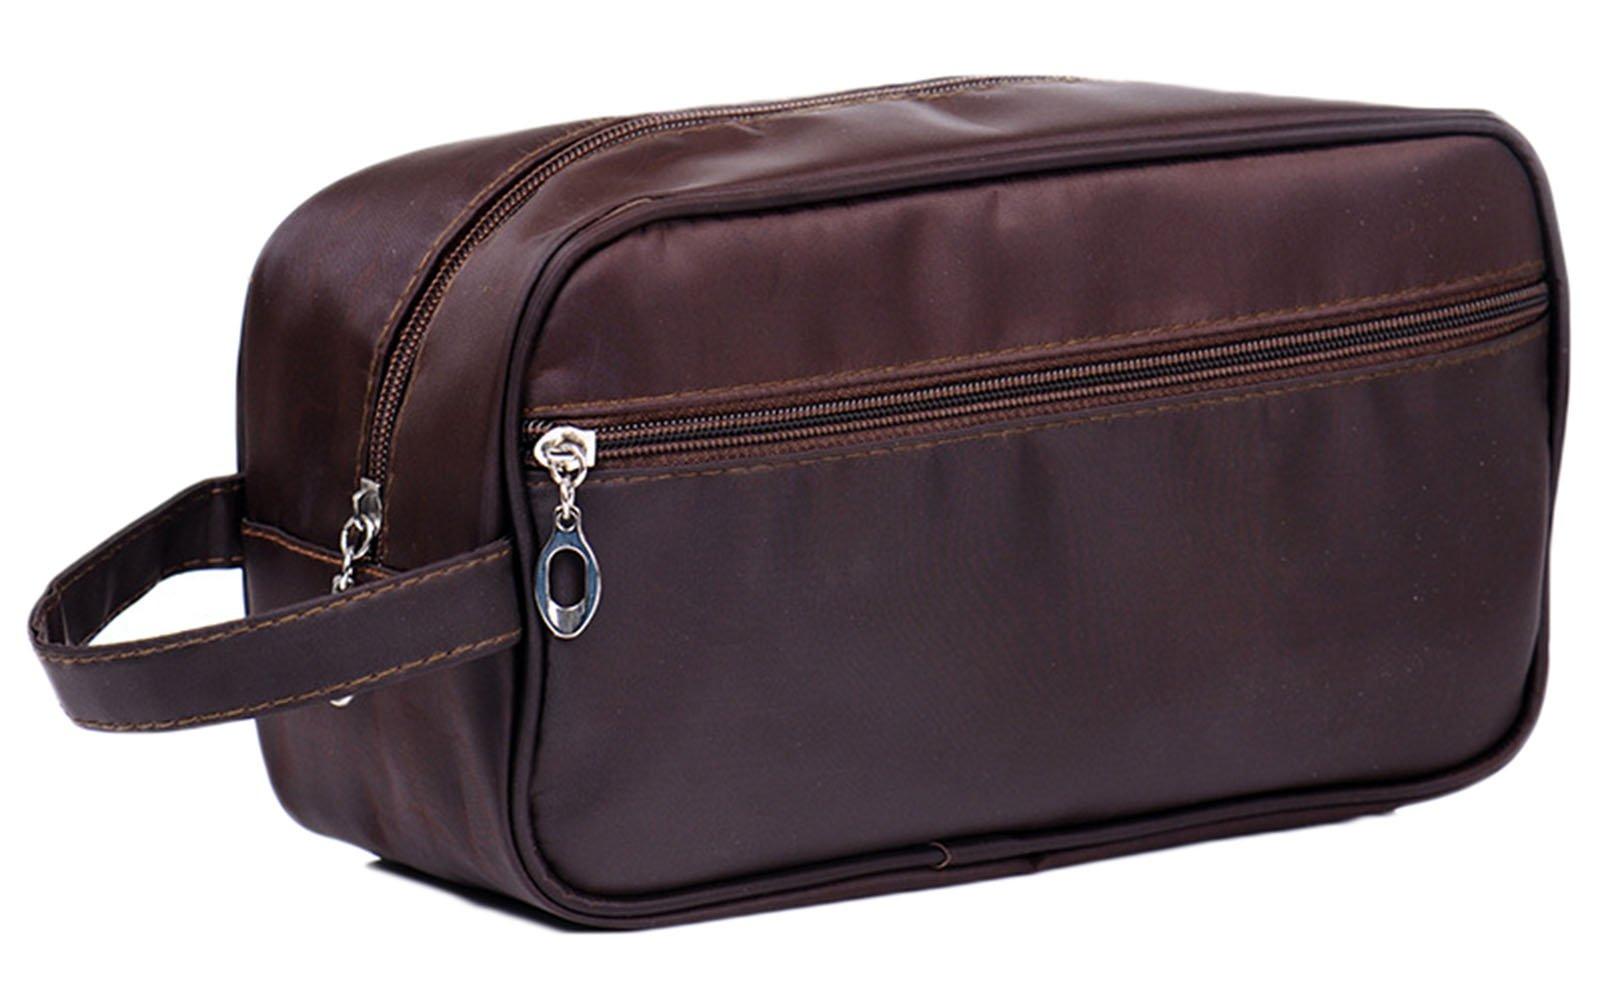 Isuperb Travel Bag
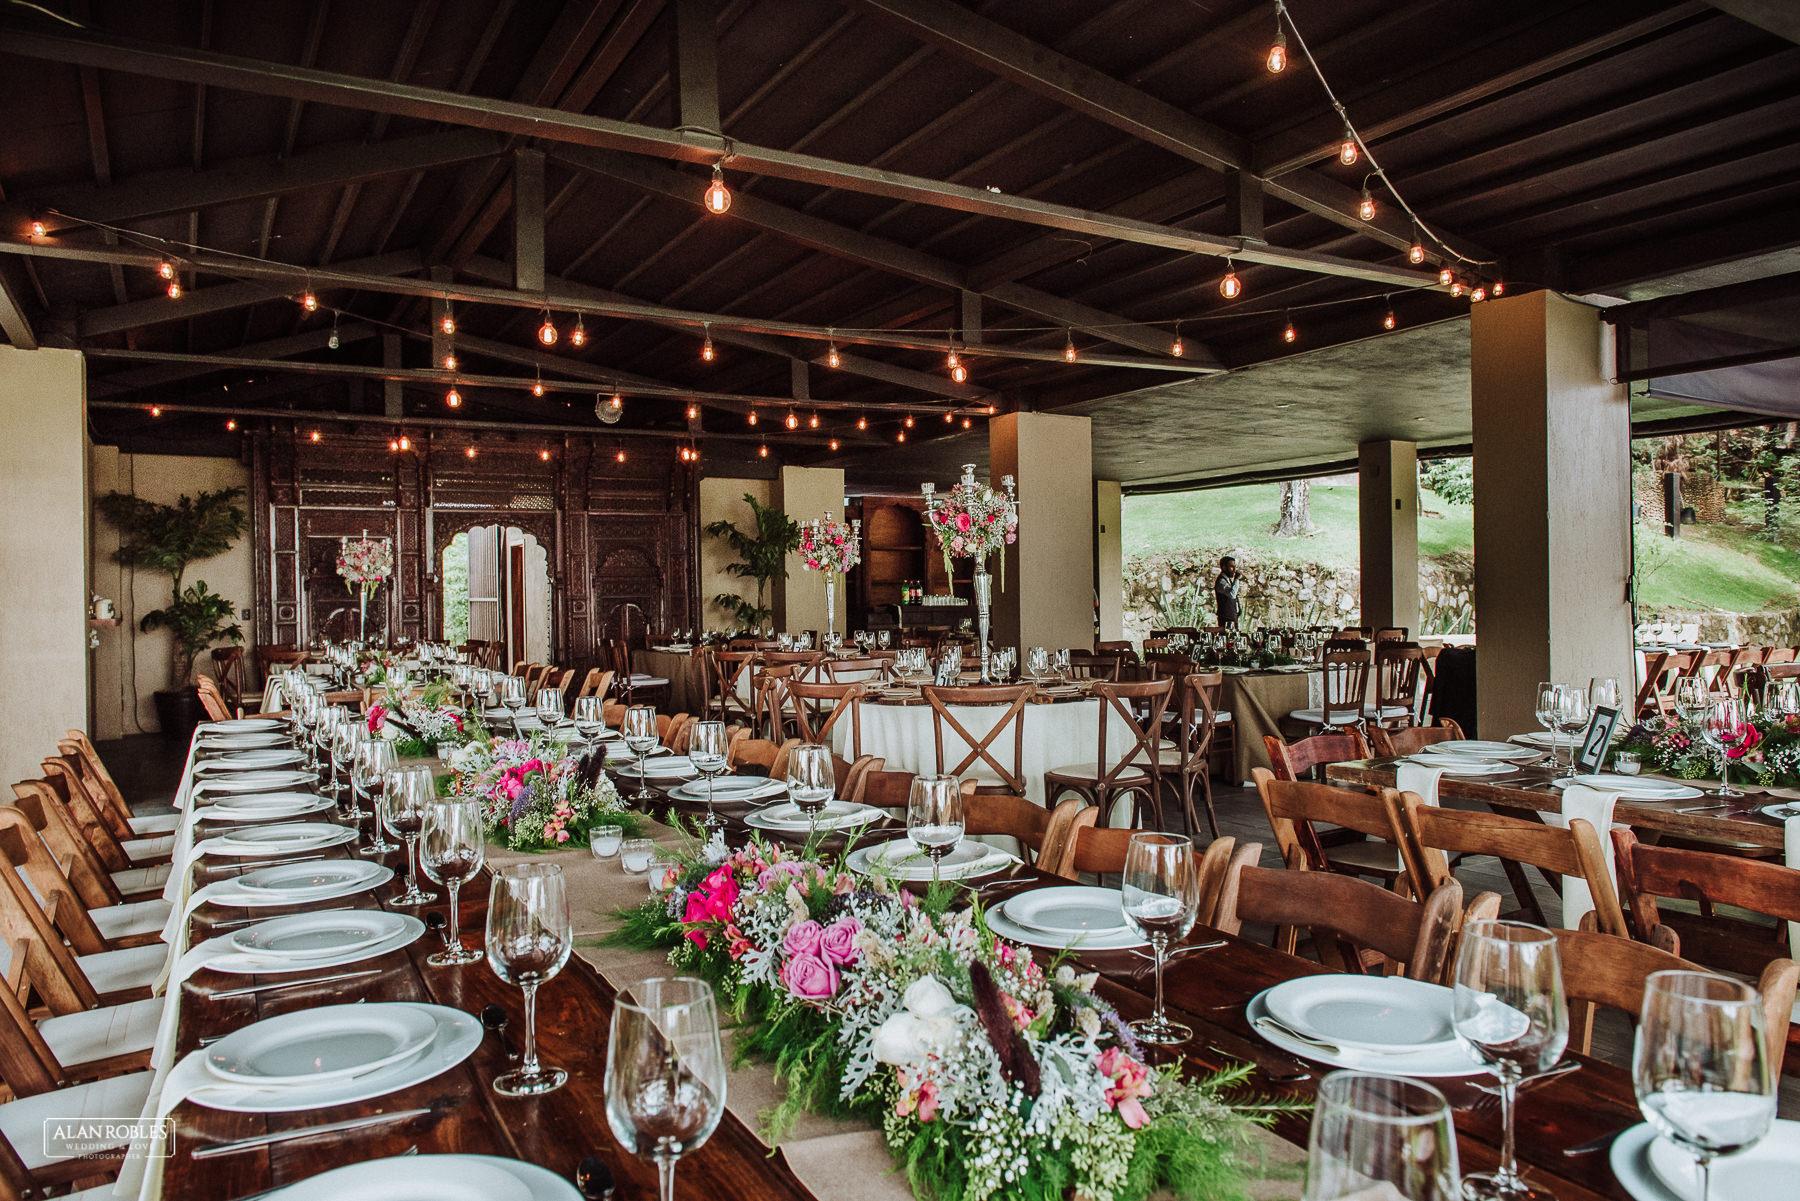 Fotografo de bodas guadalajara Alan Robles - Pinare terraza bistro 2
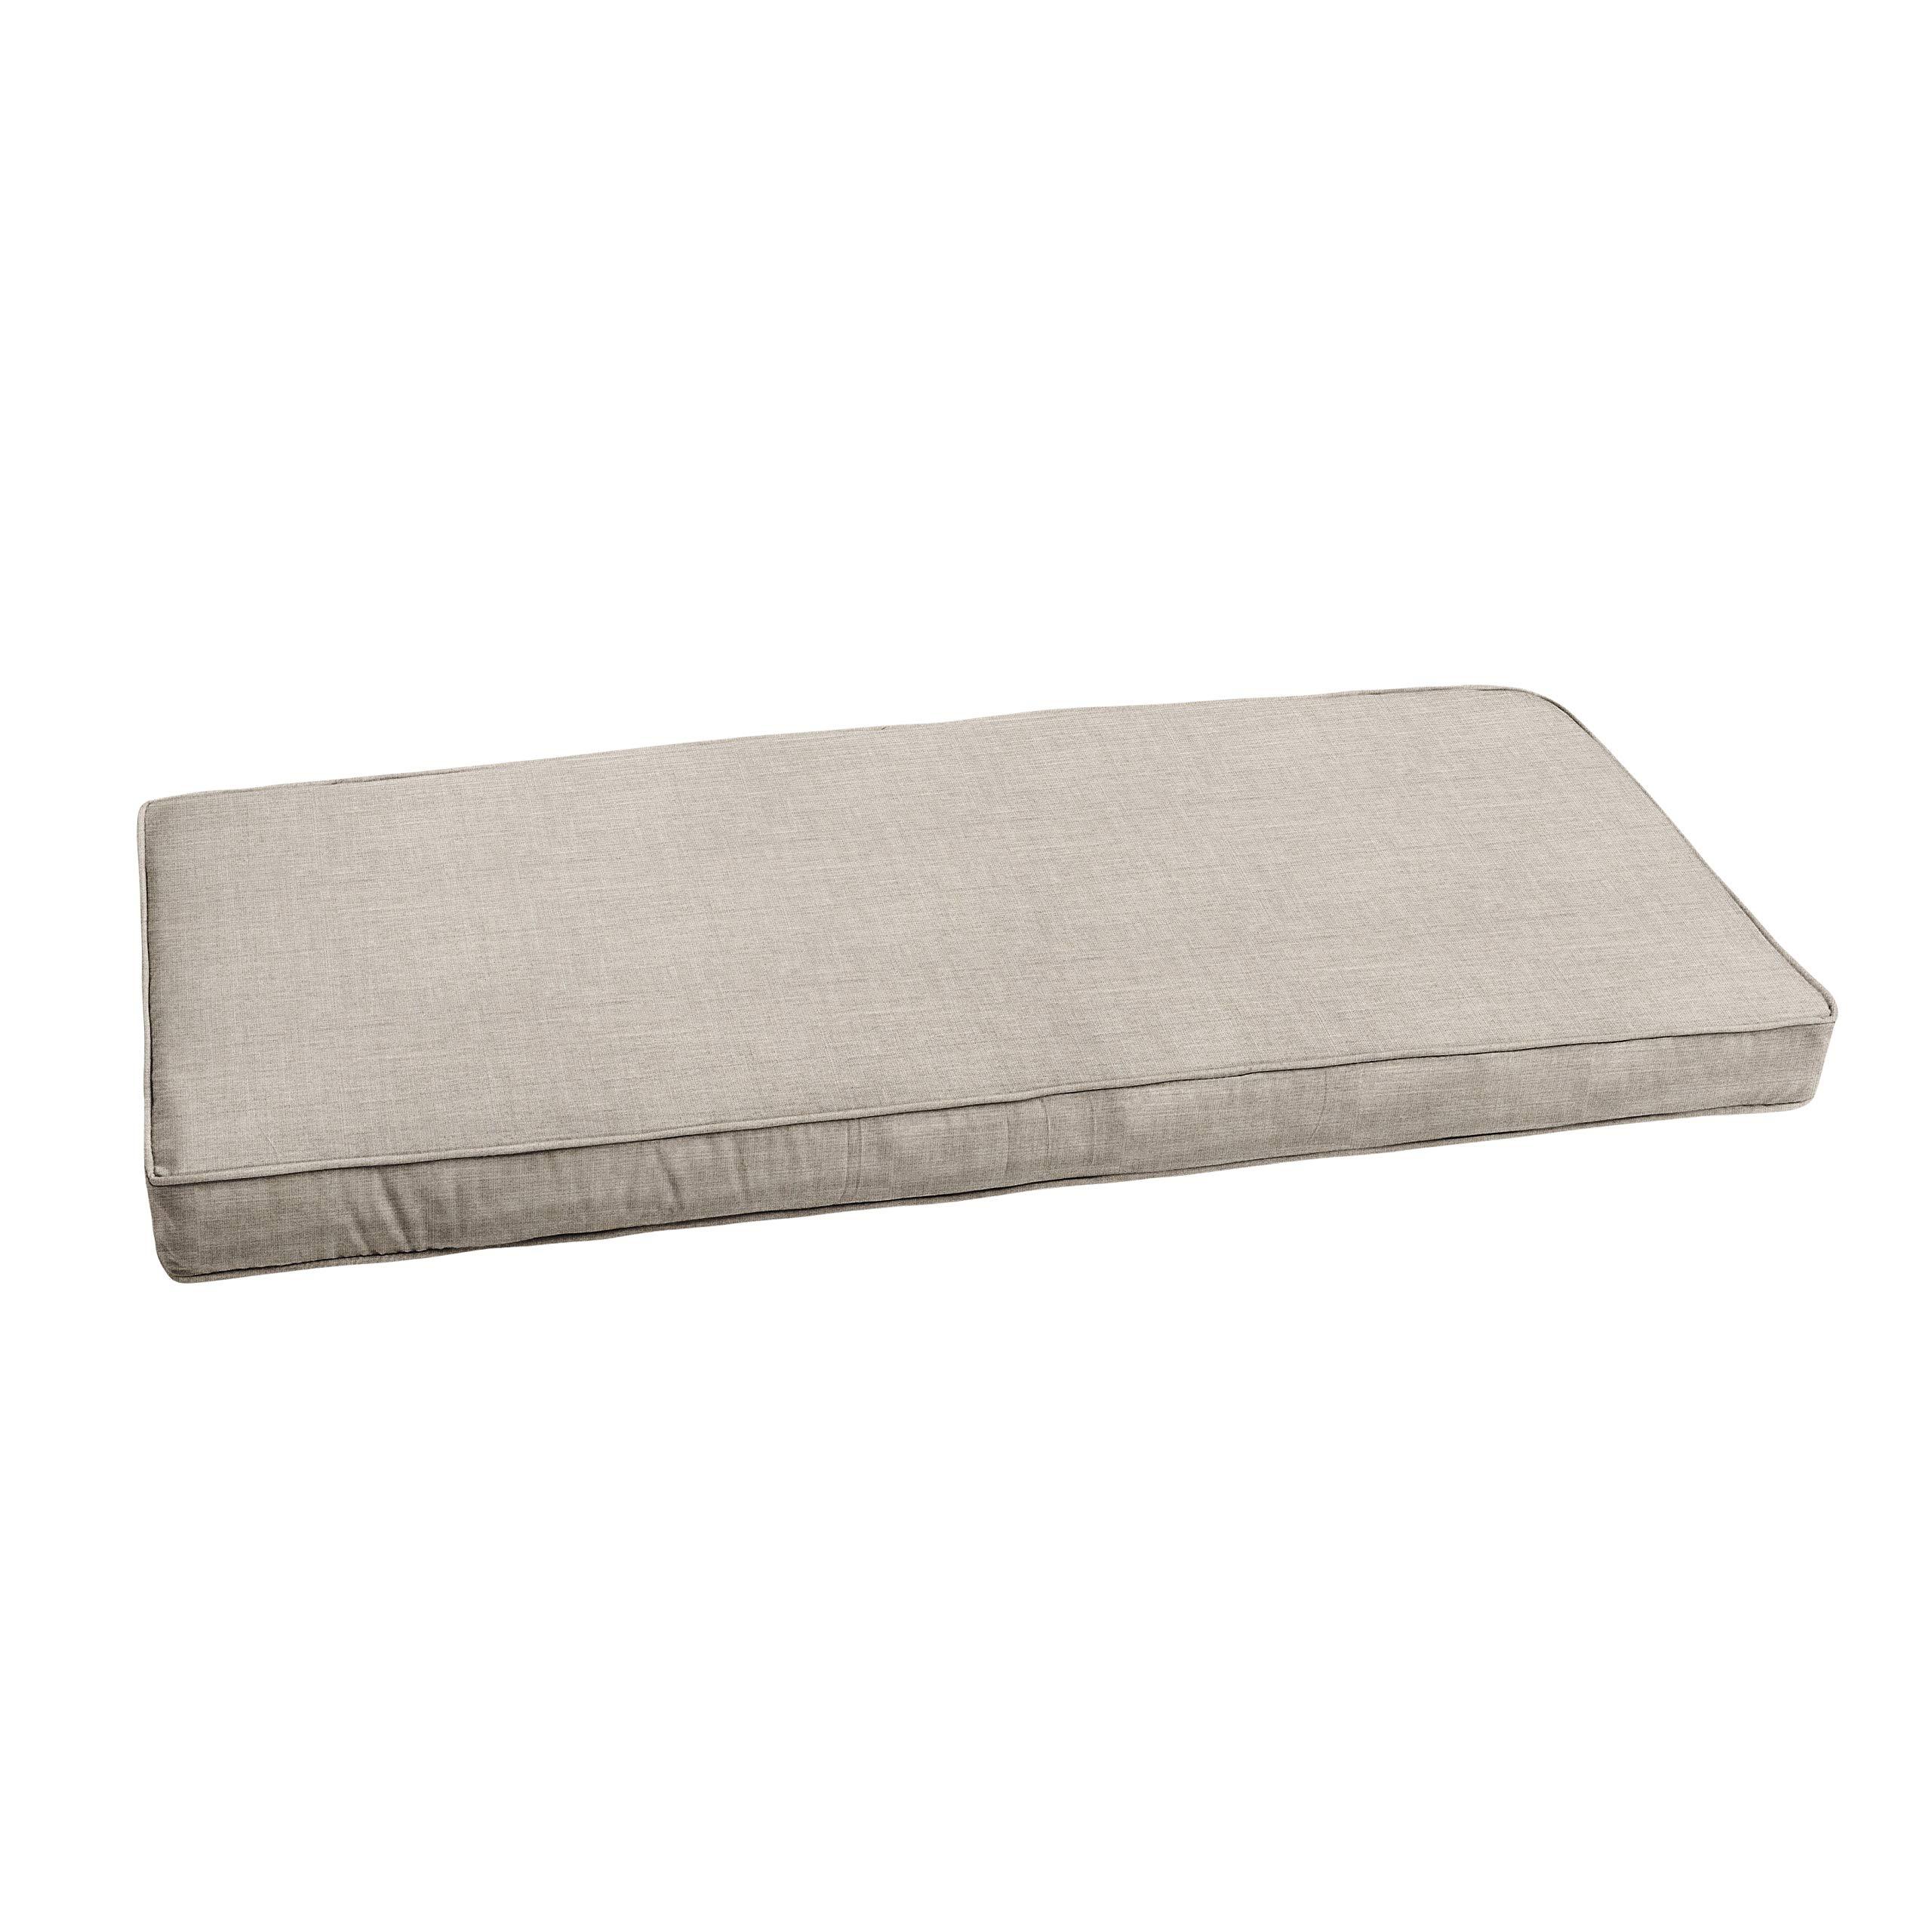 "Mozaic AMZCS113326 Sunbrella Indoor/Outdoor Corded Bench Cushion, 56""x19.5"", Cast Silver"

REQUIREMENT. Word for word, reproduce each line from the one with "Fotografo de bodas" through the last line of the material above, both included, and drop the pictures.

COMPLETED EXERCISE.
 Fotografo de bodas guadalajara Alan Robles - Pinare terraza bistro 2
 "Mozaic AMZCS113326 Sunbrella Indoor/Outdoor Corded Bench Cushion, 56""x19.5"", Cast Silver"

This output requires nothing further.